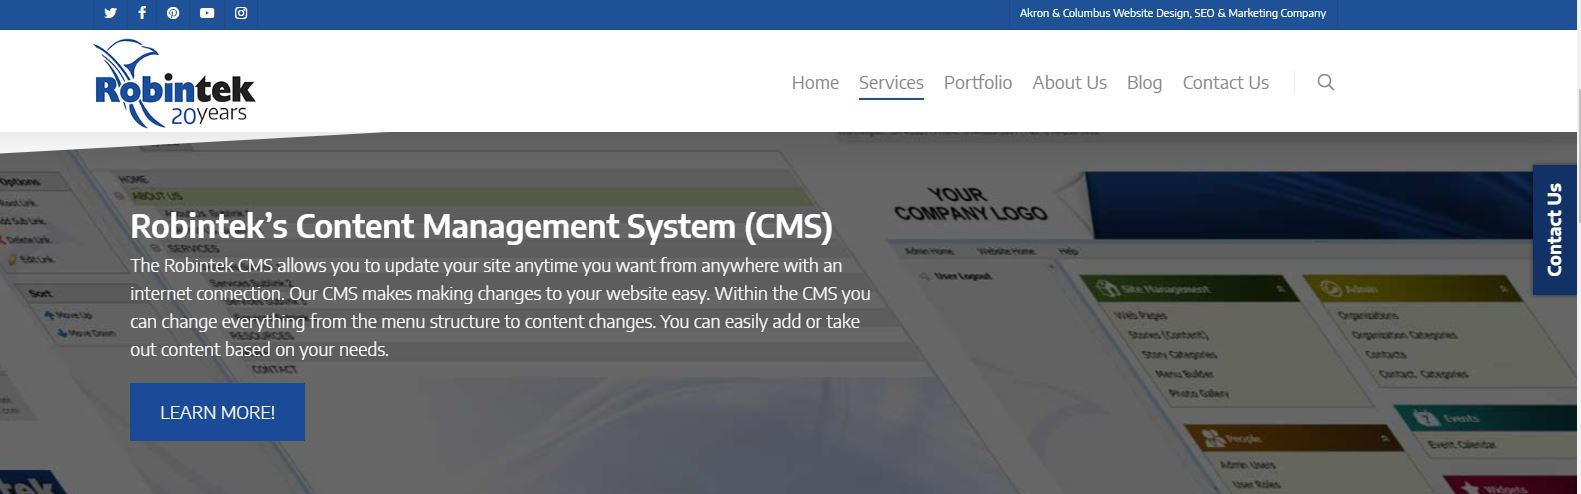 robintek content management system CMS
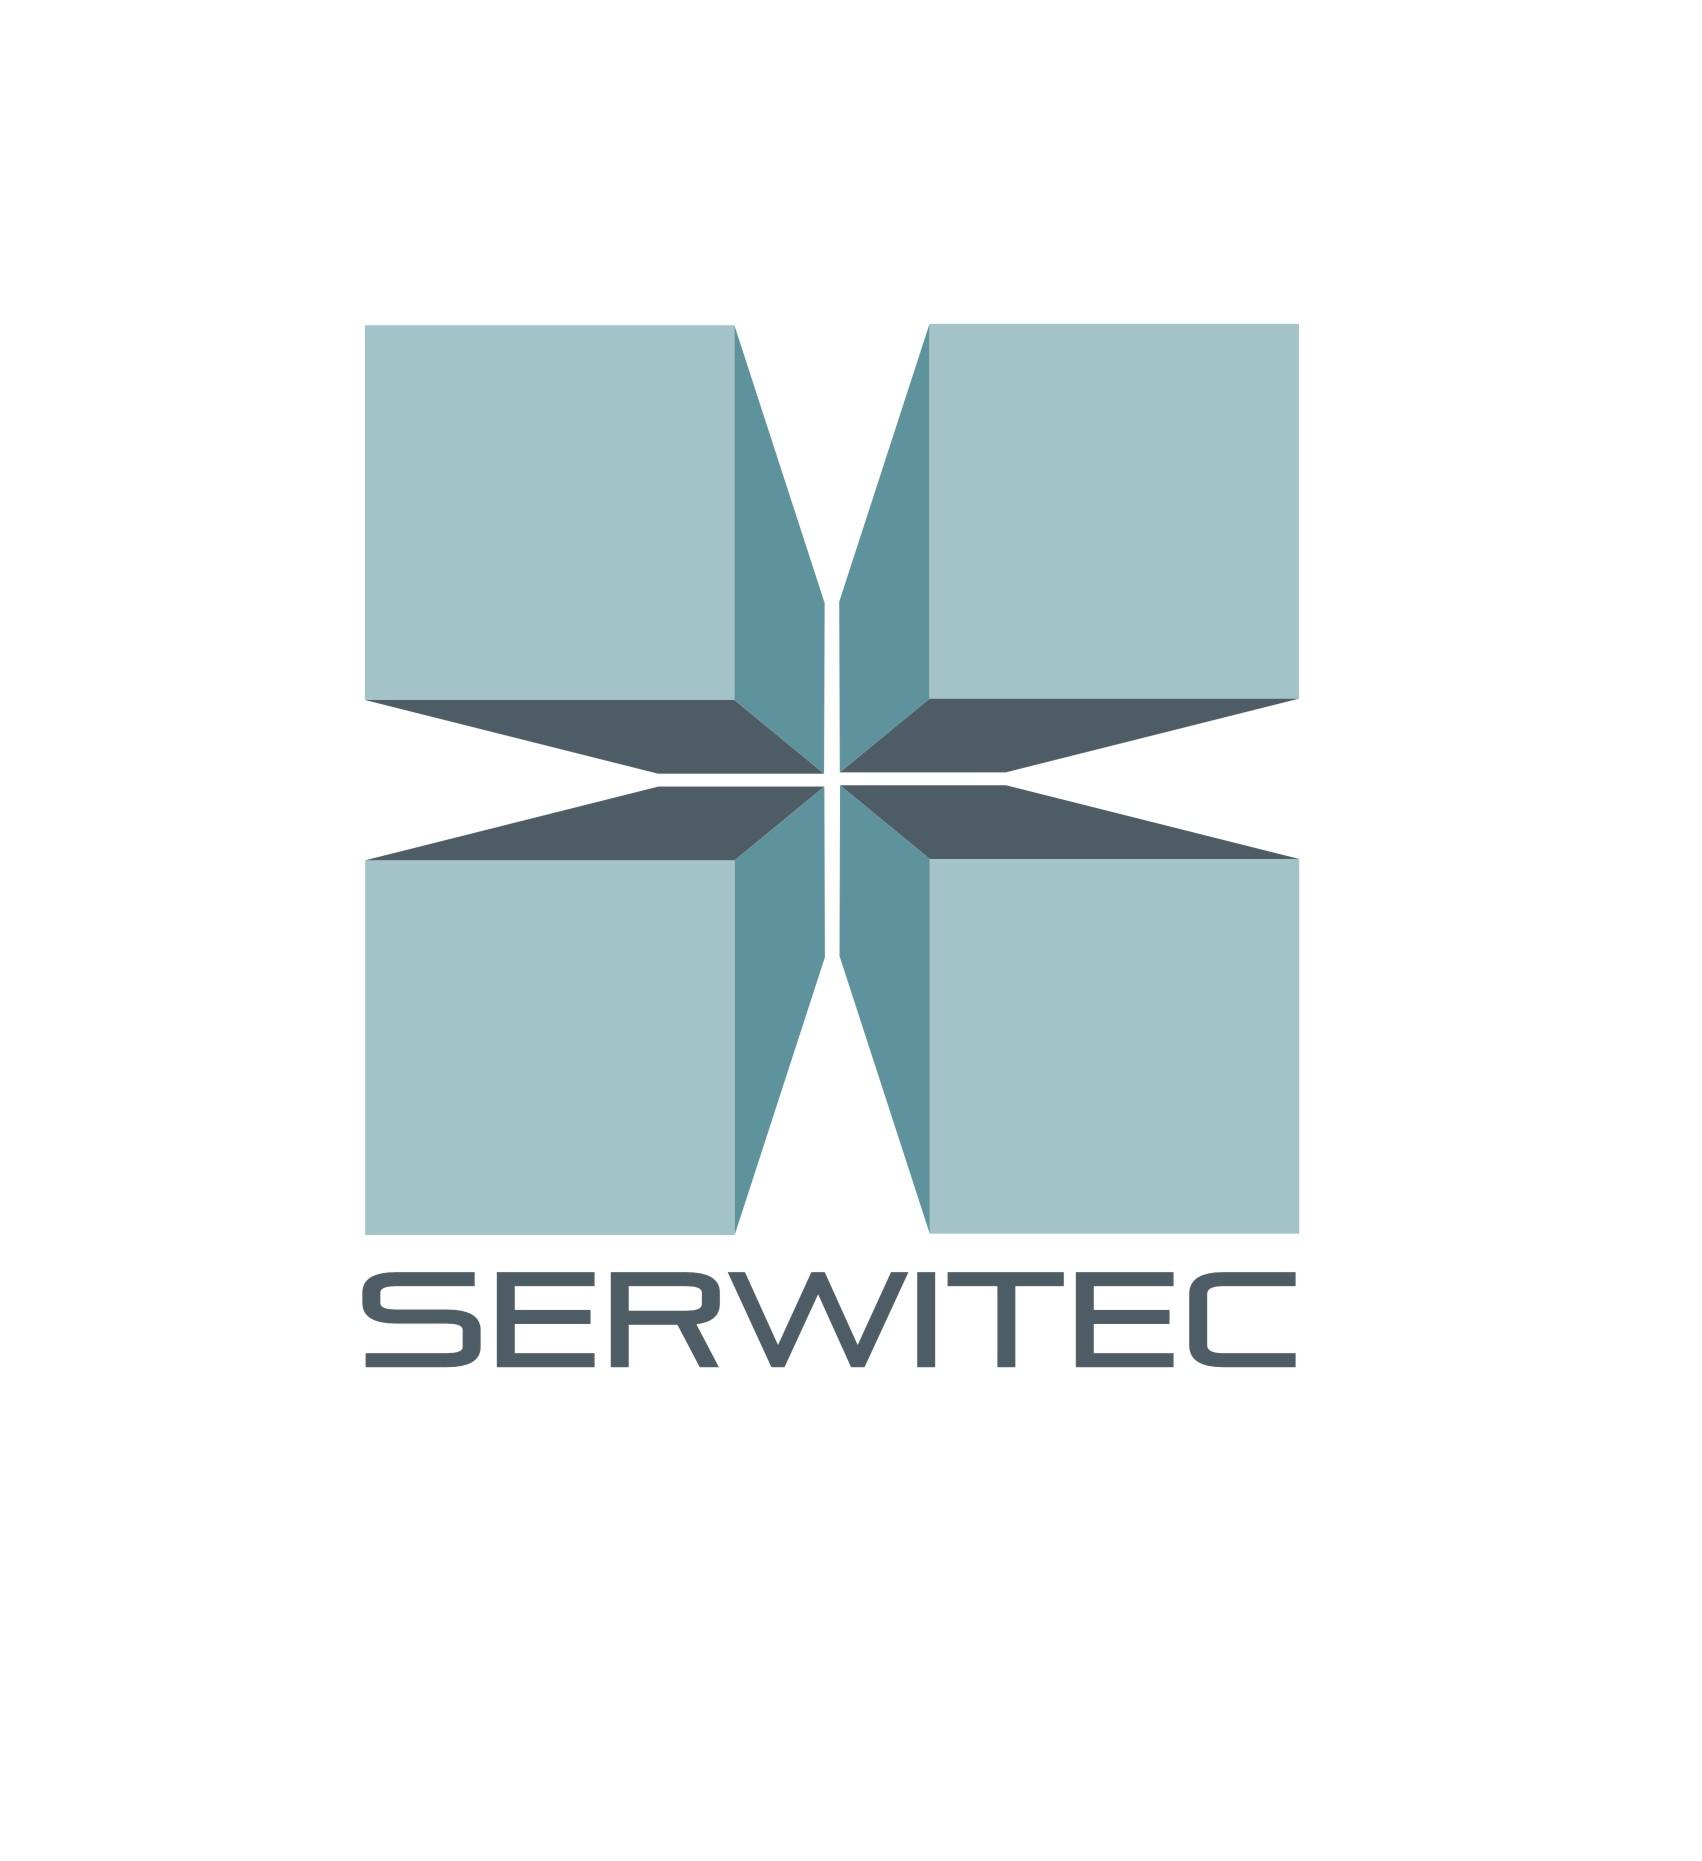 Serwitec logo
--
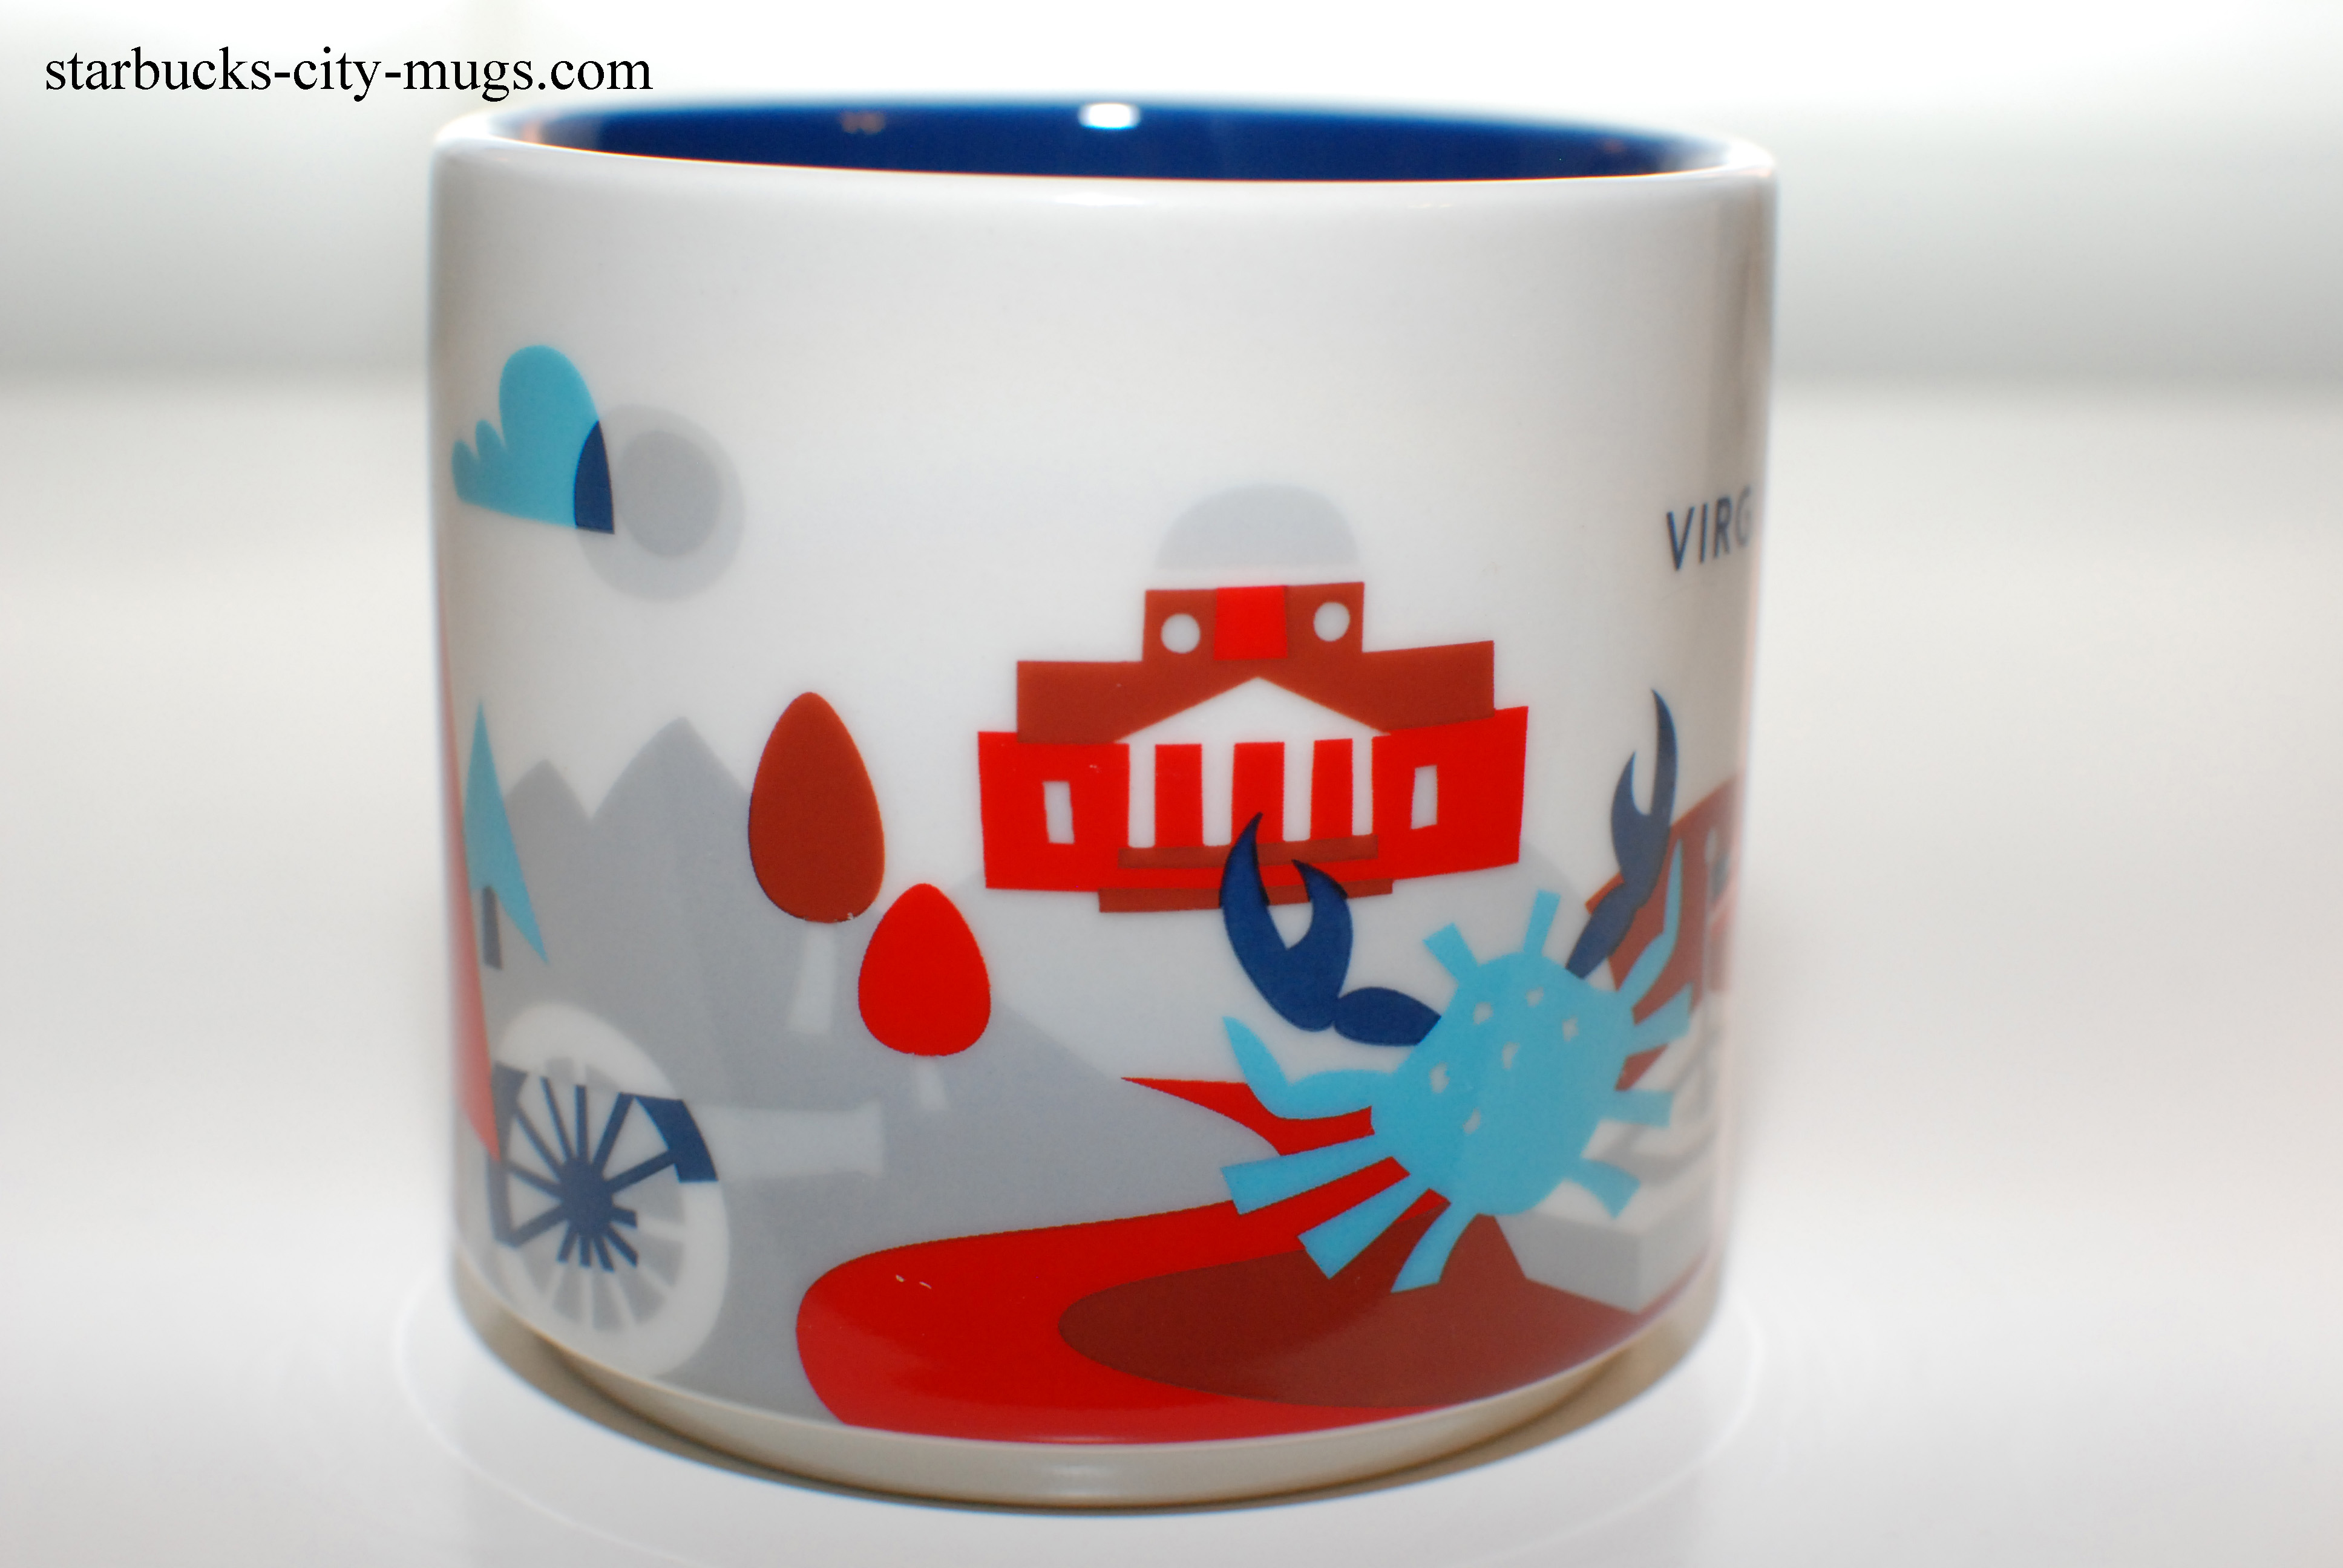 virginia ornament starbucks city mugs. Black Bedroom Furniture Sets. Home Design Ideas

What to produce
From the entries above, copy exactly the lines starting at the one with "robintek content management system CMS" and stopping at the one with "Serwitec logo", keeping both ends. Drop the pictures.

Solution to this task
 robintek content management system CMS
 Serwitec logo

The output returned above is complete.